What initially attracted you to join our company, and what has made you stay?
I started with the company in 2012. ClaimsBridge was a vendor with my previous employer, and I met Bob and Jessica through the implementation process. I thoroughly enjoyed working with them and recognized that their products and services were crucial to the healthcare industry. A few months later, ClaimsBridge was in the process of acquiring part of my previous employer’s business, and as a result, I was offered a job. I knew Bob led a wonderful team of employees and created and utilized cutting-edge technology, so it was a natural transition for me to work for ClaimsBridge and continue to grow in my role and responsibilities.
How would you describe the work-life balance at our company? What support or resources have you received to help maintain that balance?
The work-life balance at ClaimsBridge is unmatched. My family grew after I started with the company, and I was fortunate to experience our “family first” culture. The leadership team genuinely cares about the well-being of all employees and their families. I appreciate that ClaimsBridge operates under an “open-door policy”. It’s comforting to know that employees can always talk to someone if needed, whether it’s work-related or personal.
Can you describe your most significant achievement or project during your time at the company and how it impacted the organization?

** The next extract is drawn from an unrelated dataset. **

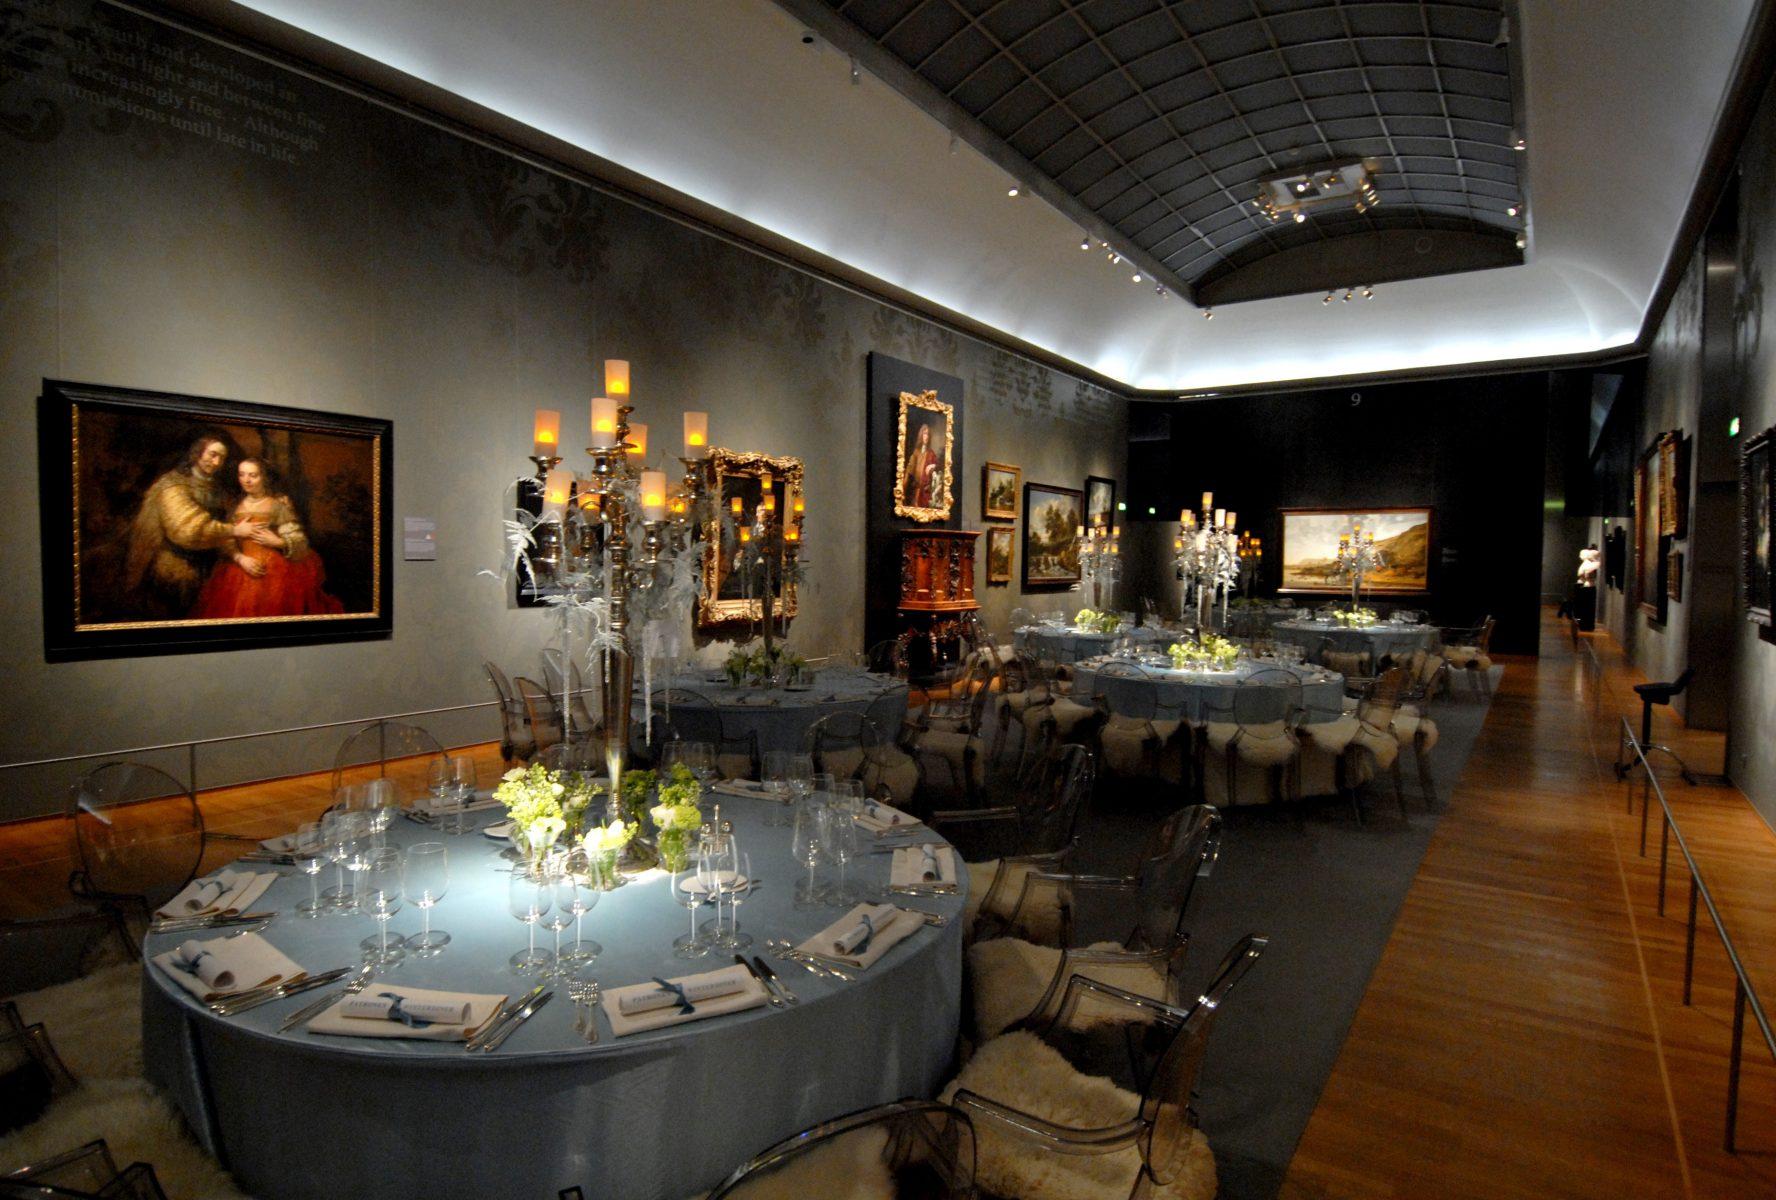 Dinner im Museum (Bas de Boer - Eventstyling)

When I first started at ClaimsBridge, I was responsible for building a large provider network in Delaware and Maryland, which involved contracting with over 5,000 providers for more than 30 employer groups. It was a huge undertaking! I had numerous meetings with our I.T team, who did an outstanding job of enhancing our system to accommodate the provider contracts. This included automating complex rate structures and adding a provider directory website for each employer, amongst other enhancements. Once the network was in production, I not only managed the entire network, but I also helped answer member questions and provided customer service to clients as well.
Since then, we have been able to leverage the same platform to expand our business into other areas, such as pricing claims for other networks, and RBP pricing.

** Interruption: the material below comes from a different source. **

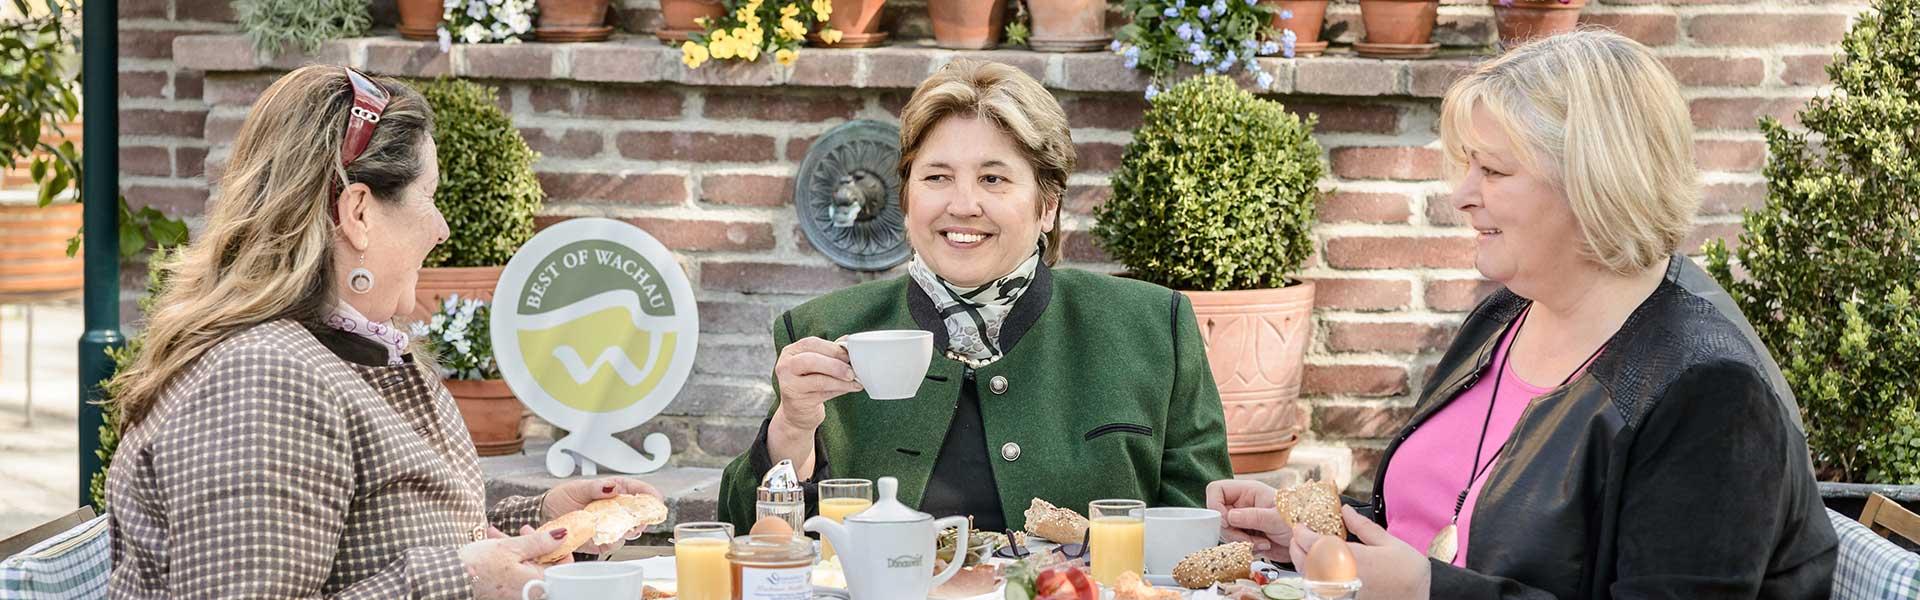 Donauwirt Frühstück

How has your role evolved since you joined the company, and what steps have you taken to adapt to those changes?
Great question! My initial role was a provider network contractor/claims analyst, and now I am in a broader role of network account management, while still entering complicated provider contracts and reviewing high-dollar claims. I am also involved in the implementation of new clients, which includes entering provider contracts and rates, as well as testing the claims to confirm they are pricing correctly before going into production. Post-implementation, I ensure all claims continue to price accurately, as well as update provider contracts with annual rate increases, and handle any issues/questions that arise in the meantime.
I have been pulled into numerous projects over the years and participate wherever they need me. I’ve attended open enrollment/benefit fairs for multiple clients to help explain our products and provider network to their employees; I have also attended industry conferences to represent ClaimsBridge and tell others about who we are and what we do.
How do you think our company’s culture and values impact the way we work and make decisions?
Leadership consistently demonstrates respect for everyone, and that is truly felt throughout the company as a whole. Employees often step in to provide extra help when needed, and we all support one another by covering for colleagues when someone is out of the office.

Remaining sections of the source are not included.